For those who never purchased an Apple product before iPad®, the one take away heard over, and over again with astonishment from users were, “I could not believe there was no instruction manual!” That was as game changing a moment as the iPad itself. We could be at an even greater milestone in the development of operating systems (OS) whether it be mobile or desktop. We will soon find out. (or at least get a hint)

I truly believe it’s now more imperative to focus on experience/interface and branding than anything else. Yes, the media is hemming and hawing about competitors pushing out offerings at a far more rapid rate than Apple. People are also implying this is a tell-tale sign that Apple is unable to come up with new ideas. Personally, I think that view is misplaced or, could be a complete misinterpretation of what might truly be taking place.
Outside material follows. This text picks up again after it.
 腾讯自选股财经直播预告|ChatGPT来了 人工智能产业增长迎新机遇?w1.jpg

Let me express it with the following analogy.

Years ago I had a discussion with my father. He drove Lincoln Continentals® pretty much all his life. When the Lincoln Mark VII was introduced it was a radical design change for Lincoln. So much so I asked him why would they come out with something so radically different from what Lincolns are known for (Big square heavy behemoths)? Are they trying to attract Mercedes buyers (more round, driver orientated, etc.)? He said, “No. You’ll never get a Mercedes guy to buy a Lincoln. It’s Lincoln’s attempt to keep Lincoln owners from switching to a Mercedes.” I never forgot the importance of that statement.
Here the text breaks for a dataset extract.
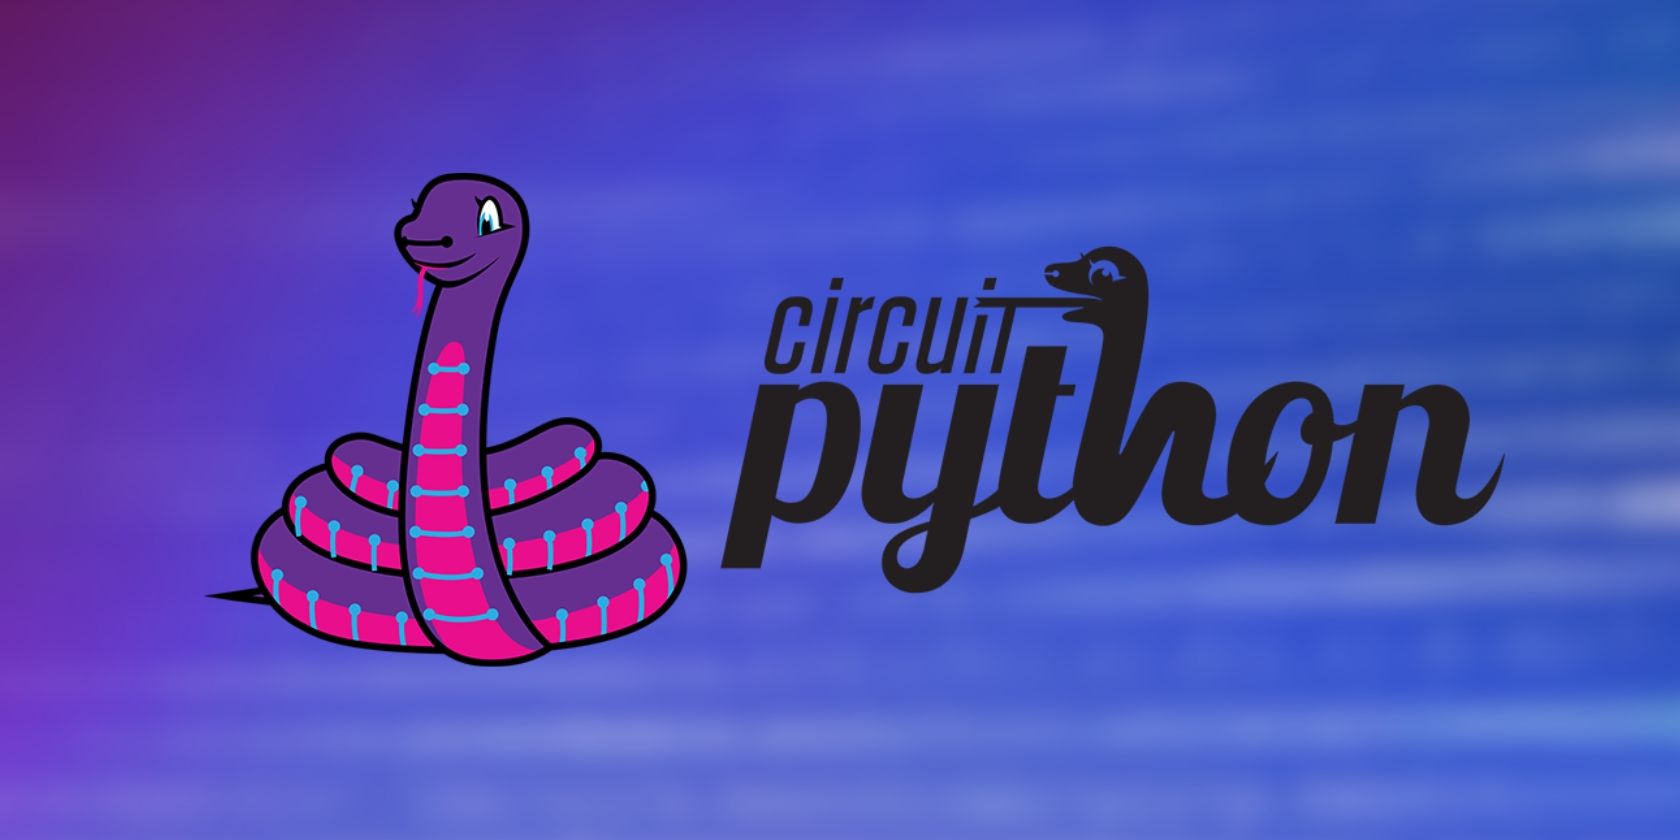 CircuitPython logo comprising a coiled snake

Current Apple owners are not going to switch anytime soon in my opinion. Once you’ve made the switch from PC to Apple there is no going back. (At least at this moment in time. Windows 8® sealed that opportunity for the near future.) Sure Android®, Samsung®, and others are growing more, and more. However, they don’t have the cache’ or that je ne sais quoi that people just want to own.

It’s now all about how Apple becomes more like “Apple” and all that entails. That’s not a play on words. Apple needs to push further into what it means to own an Apple device and reside under the now ever-present Apple logo-ed umbrella.

The real profits to be made now and into the future might not be with how many “new” devices one sells. Rather, what interface will continue to draw the people with both money to spend – and – that will spend it. Apple’s ability to construct its brand into the aspirational genre has been second to none in this regard. They need to continue as to give customers a reason to reach for (as to buy) – not make excuses as to offer lower quality products or standards as to compete on # of devices sold metrics. That’s a race to the bottom where the winner usually ends up the loser.

If Apple truly is at a game changer moment as I believe they could be. Monday’s WWDC could go down being just as an important of a day as when Job’s announced he was changing Apple Computer into Apple as we now know it.

The importance of that day wasn’t realized till much later when the Apple brand which culminated out of that conference began to exert itself into the mainstream. Apple has that chance once again in my view. And this well could be just that moment for those that are watching carefully.

It’s really is all up to Team Cook now. It’s their game to win or lose. Because…here comes “the ball.”